Among patients who are seizure-free immediately after surgery, 83% remain seizure-free at three years, 72% at five years, and 56% at ten years. Those numbers reflect some gradual decline over time, but for many people, surgery provides years or even decades of seizure freedom that medication alone couldn’t achieve. Some patients are able to reduce or stop their medications entirely after successful surgery, though this decision is made cautiously over time.

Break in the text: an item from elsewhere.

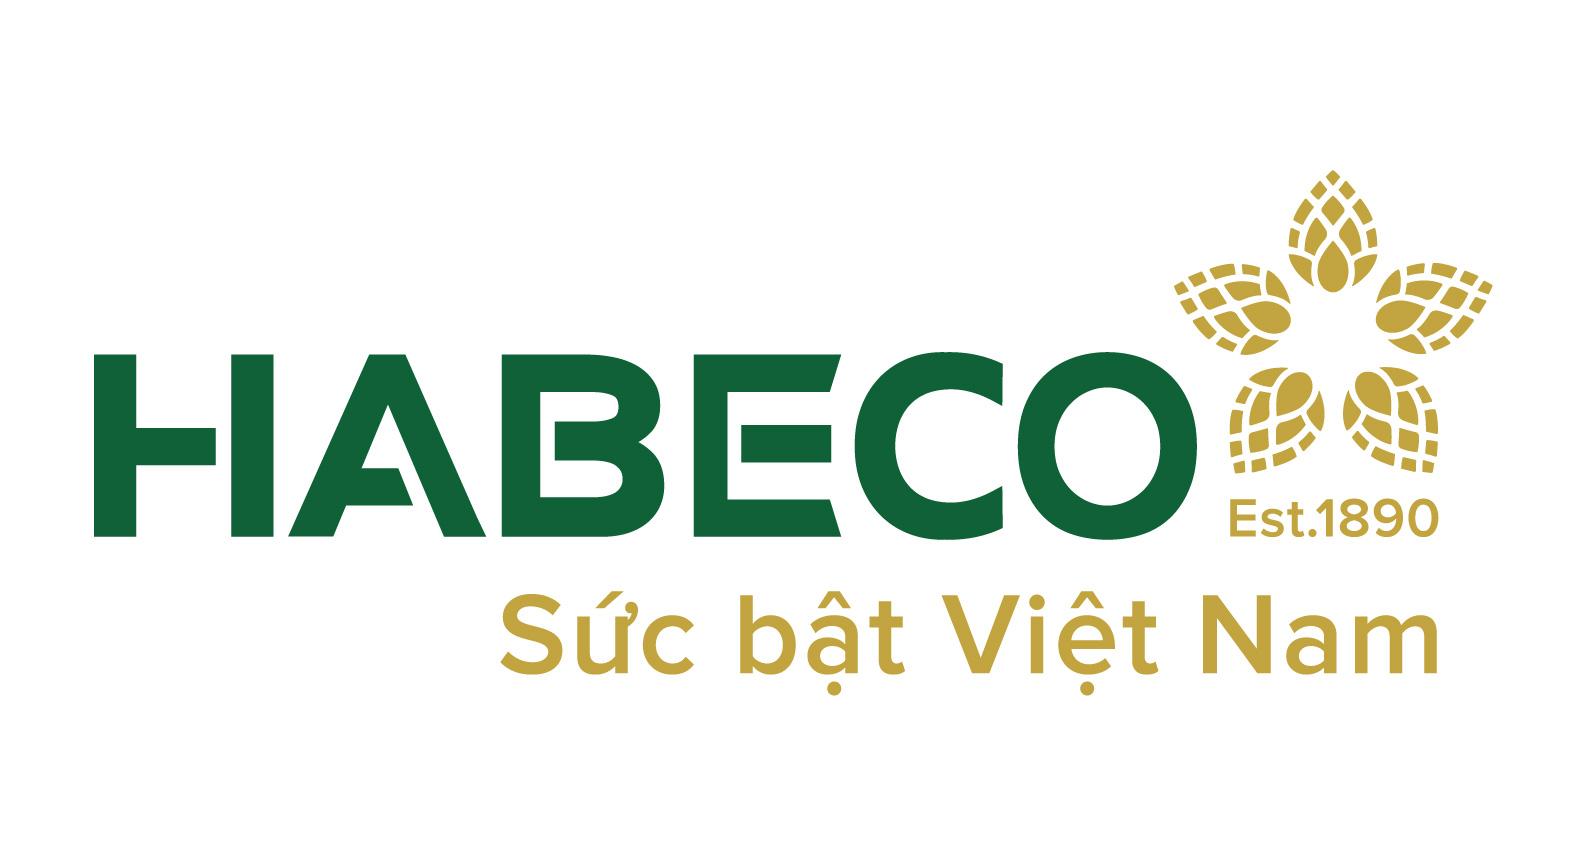 https://www.habeco.com.vn/data/b5a98360-a432-42e1-9453-7c5eca520b4e/userfiles/images/HABECO_Master%20logo-06.jpg
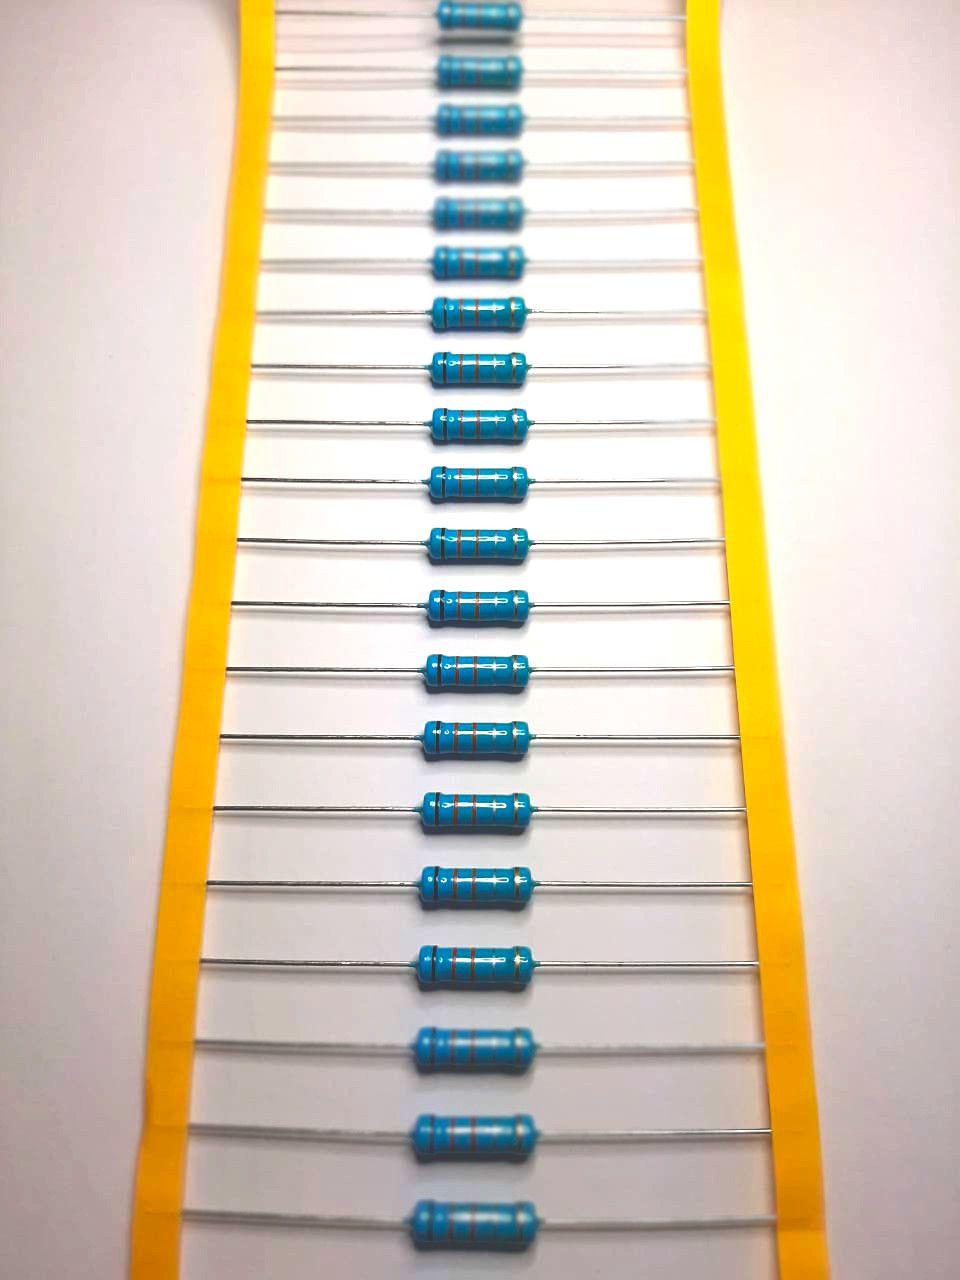 Resistor Metal Filme 3WS 5% Valores 1M0 Até 9M1 Caixa com 1000 Peças

Not everyone is a candidate. Extensive testing, including prolonged brain monitoring, imaging, and sometimes temporary electrode placement, is needed to confirm exactly where seizures start and whether that area can be safely removed without affecting critical functions like language or movement.
Hormonal Seizure Patterns
Some women notice their seizures cluster around their menstrual period, a pattern called catamenial epilepsy. This happens because shifting levels of estrogen and progesterone throughout the cycle affect brain excitability. Estrogen tends to promote seizures, while progesterone has a protective effect. When progesterone drops sharply just before menstruation, the seizure threshold can drop with it.
Progesterone supplementation has been studied as a potential treatment, but a large clinical trial of 294 women found no overall benefit compared to placebo. However, a subset of women with the most pronounced perimenstrual seizure spikes did respond. Among those with the highest levels of perimenstrual exacerbation (about 21% of the study group), 37.8% responded to progesterone compared to just 11.1% on placebo. This suggests hormonal treatment may help a specific subset of women, but it’s not broadly effective. Tracking seizure patterns alongside your menstrual cycle can help determine whether this approach is worth discussing with your neurologist.
Managing Photosensitive Triggers
About 3% of people with epilepsy have photosensitive seizures triggered by flashing lights, rapid visual patterns, or certain screen displays. Prevention for this group focuses on reducing exposure to triggering stimuli. Blue-tinted lenses (specifically a shade called Z1) have been shown to reduce the brain’s abnormal response to flashing lights by 66% in children with photosensitivity. These lenses work by filtering out red wavelengths of light, which are the most provocative for photosensitive brains. They don’t eliminate the response entirely, but they significantly dampen it.
Practical steps include watching screens in well-lit rooms to reduce contrast, sitting farther from the screen, using displays with higher refresh rates, and avoiding known triggers like strobe lights. Many video games and broadcast programs now carry photosensitivity warnings, and browser extensions can block flashing content on websites.